1 ¿DONDE se ha ido tu amado, Oh la más hermosa de todas las mujeres? ¿Adónde se apartó tu amado, Y le buscaremos contigo? 2 Mi amado descendió á su huerto, á las eras de los aromas Para apacentar en los huertos, y para coger los lirios. 3 Yo soy de mi amado, y mi amado es mío: El apacienta entre los lirios. 4 Hermosa eres tú, oh amiga mía, como Tirsa; De desear, como Jerusalem; Imponente como ejércitos en orden.
5 Aparta tus ojos de delante de mí, Porque ellos me vencieron. Tu cabello es como manada de cabras, Que se muestran en Galaad.
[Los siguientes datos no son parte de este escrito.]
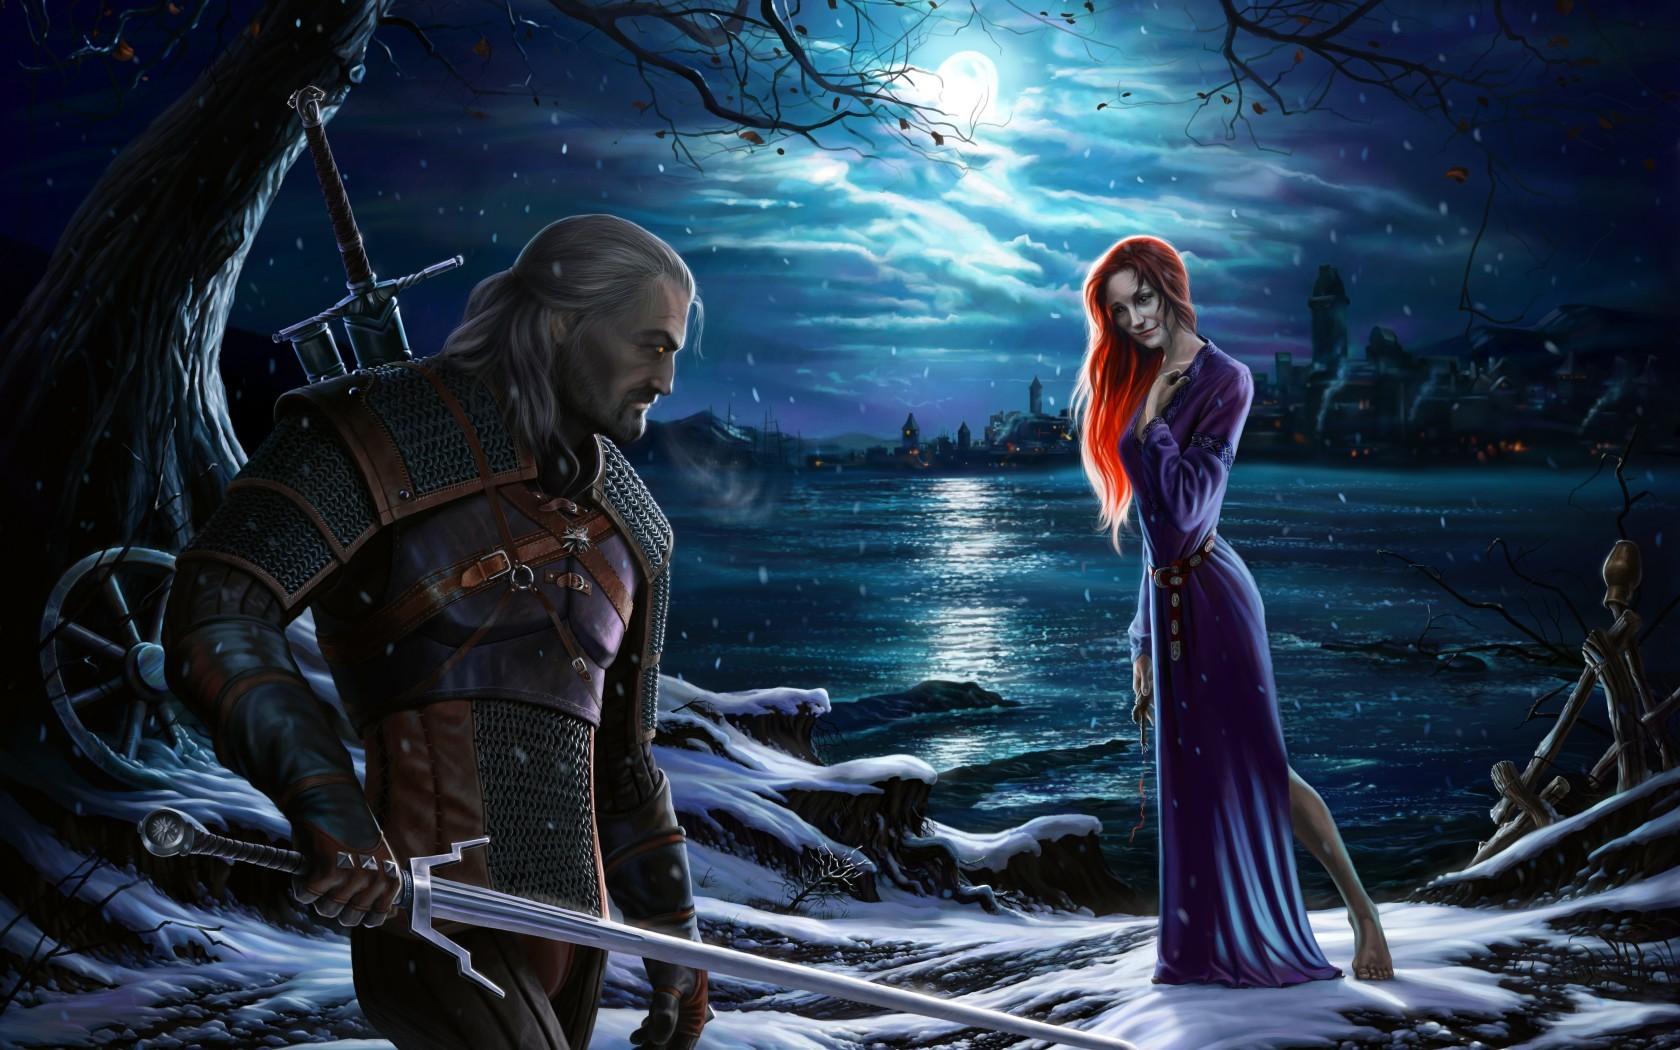 The Witcher 3 Wallpaper 4k: The Witcher 3 Wild Hunt Amazing Art, HD Artist, 4k
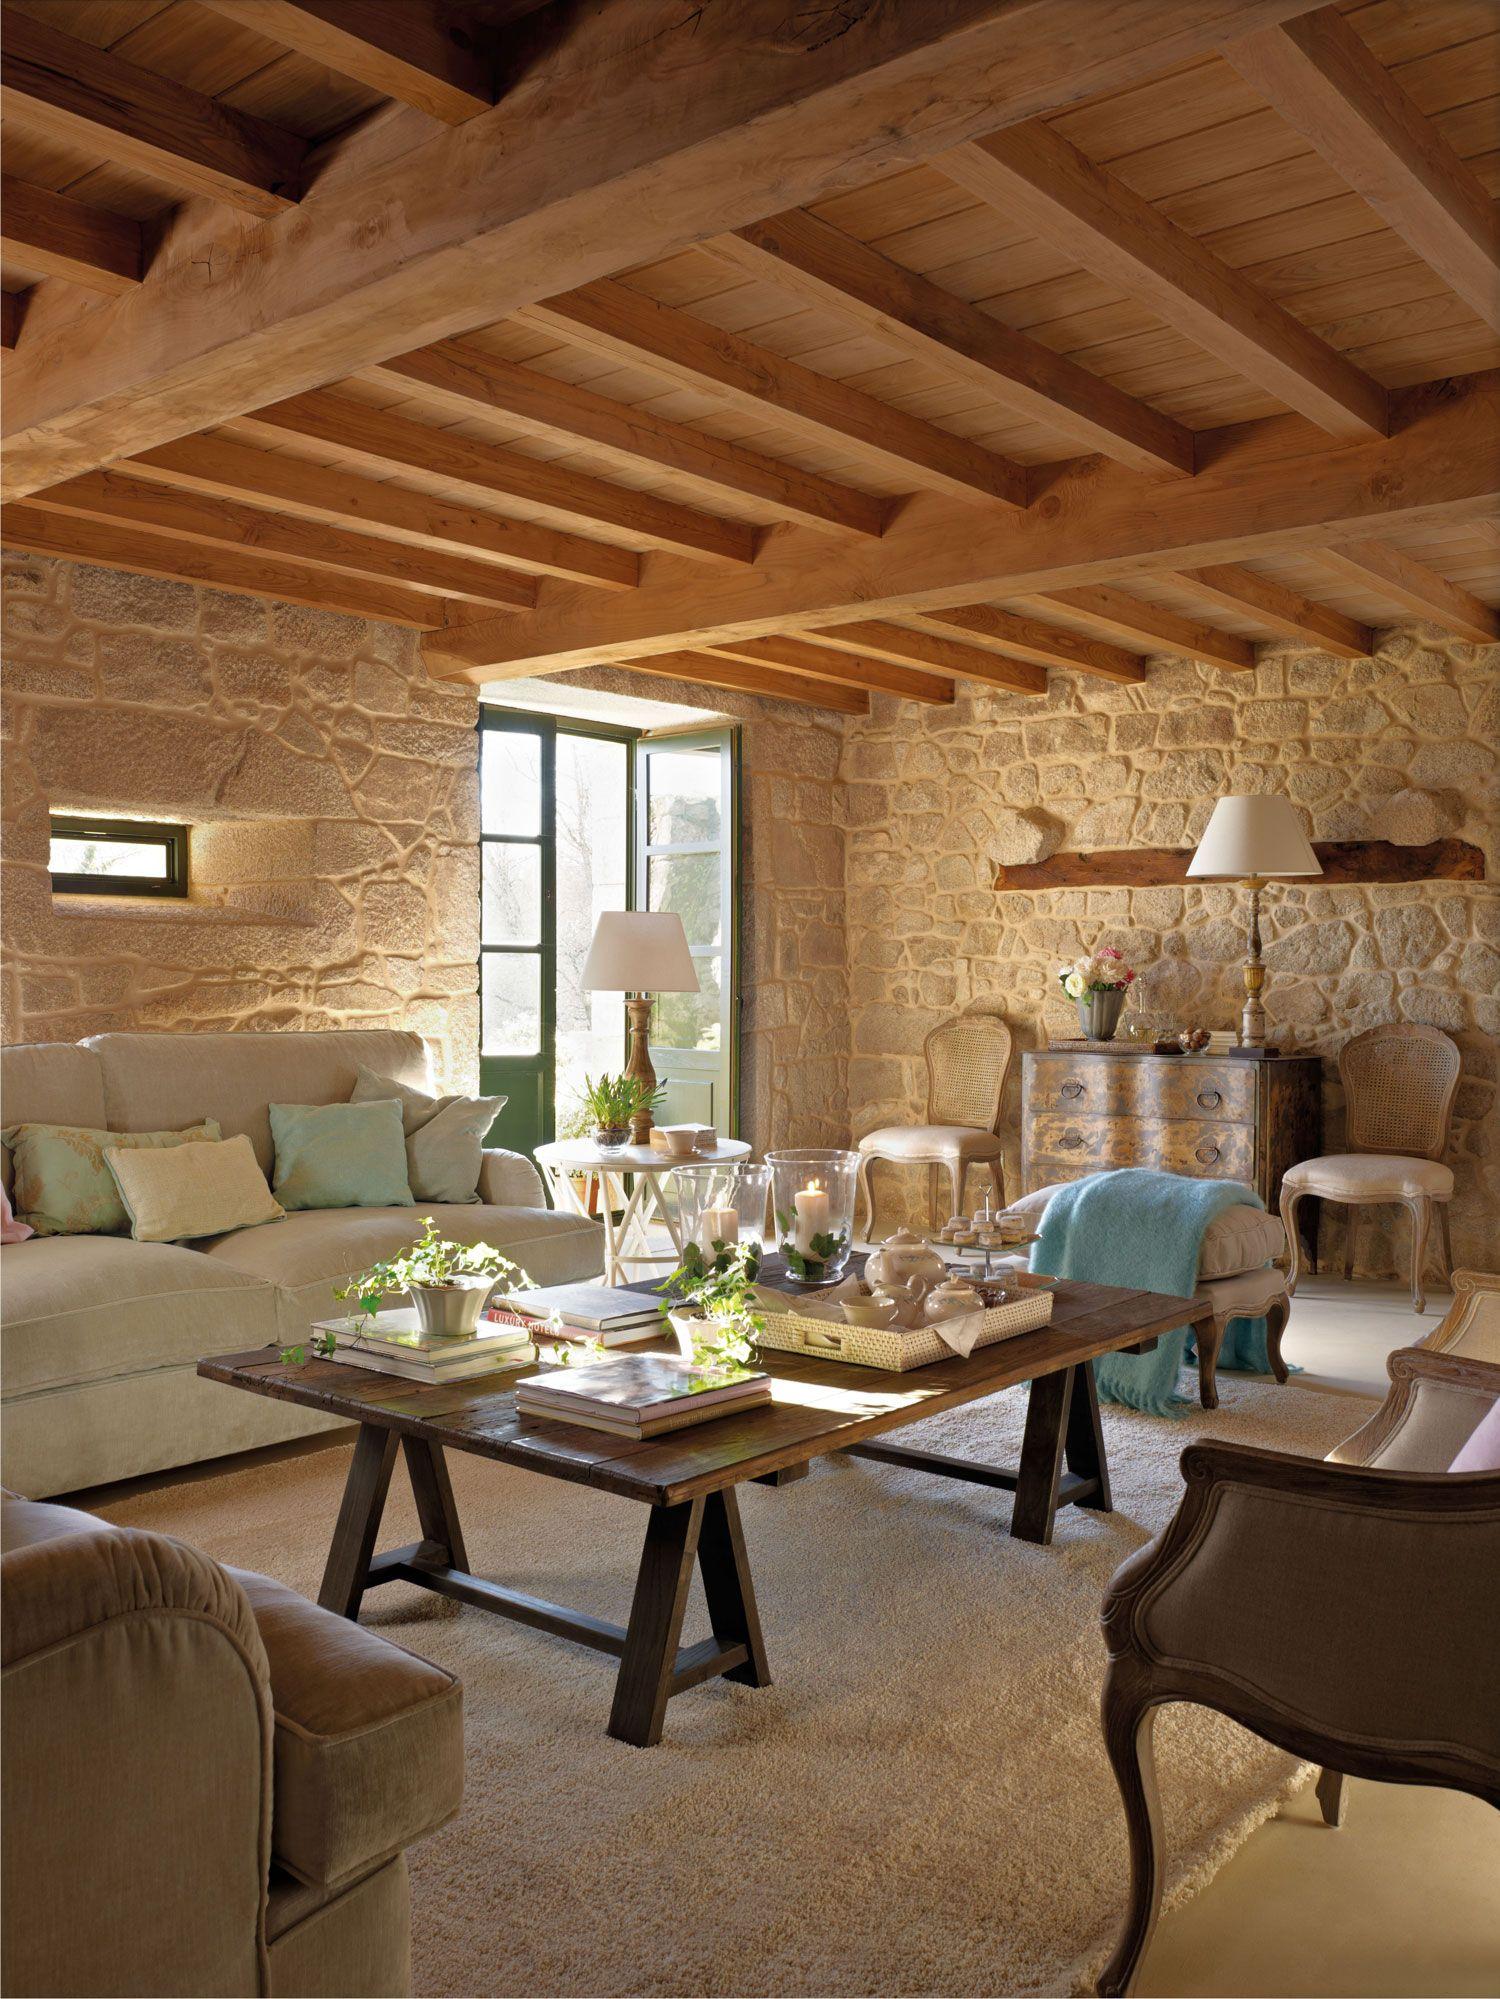 Solidez living room ideas pinterest casas r sticas - Ideas para casas rurales ...

6 Tus dientes, como manada de ovejas Que suben del lavadero, Todas con crías mellizas, Y estéril no hay entre ellas.
7 Como cachos de granada son tus sienes Entre tus guedejas.
8 Sesenta son las reinas, y ochenta las concubinas, Y las doncellas sin cuento:
9 Mas una es la paloma mía, la perfecta mía; Unica es á su madre, Escogida á la que la engendró. Viéronla las doncellas, y llamáronla bienaventurada; Las reinas y las concubinas, y la alabaron.
10 ¿Quién es ésta que se muestra como el alba, Hermosa como la luna, Esclarecida como el sol, Imponente como ejércitos en orden?
11 Al huerto de los nogales descendí A ver los frutos del valle, Y para ver si brotaban las vides, Si florecían los granados.
12 No lo supe: hame mi alma hecho Como los carros de Amminadab.
13 Tórnate, tórnate, oh Sulamita; Tórnate, tórnate, y te miraremos. ¿Qué veréis en la Sulamita? Como la reunión de dos campamentos.
Le figlie di Gerusalemme:
1 Dov’è andato il tuo amico, o più bella fra le donne? Da che parte si è diretto l’amico tuo? Noi lo cercheremo con te.
L’amata alle figlie di Gerusalemme:
2 Il mio amico è sceso nel suo giardino, nelle aie degli aromi a pasturare le greggi nei giardini e cogliere gigli. 3 Io sono dell’amico mio; e l’amico mio, che pastura il gregge fra i gigli, è mio.
Quinto componimento
La bellezza della Sposa
L’amato all’amata:
4 Amica mia, tu sei bella come Tirsa, vaga come Gerusalemme, tremenda come un esercito a bandiere spiegate. 5 Distogli da me i tuoi occhi, che mi turbano. I tuoi capelli sono come un gregge di capre, sospese ai fianchi di Galaad. 6 I tuoi denti sono come un branco di pecore, che tornano dal lavatoio; tutte hanno dei gemelli, non ce n’è nessuna che sia sterile; 7 le tue gote, dietro al tuo velo, sono come un pezzo di melagrana. 8 Ci sono sessanta regine, ottanta concubine, e fanciulle senza numero; 9 ma la mia colomba, la perfetta mia, è unica; è l’unica di sua madre, la prescelta di colei che l’ha partorita. Le fanciulle la vedono e la proclamano beata; la vedono pure le regine e le concubine, e la lodano. 10 Chi è colei che appare come l’alba, bella come la luna, pura come il sole, tremenda come un esercito a bandiere spiegate?
L’amata all’amato:
11 Io sono scesa nel giardino dei noci a vedere le piante verdi della valle, a vedere se le viti mettevano le loro gemme, se i melograni erano in fiore.
12 Non so come, ma l’anima mia mi ha posta sui carri di Ammi-Nadìb.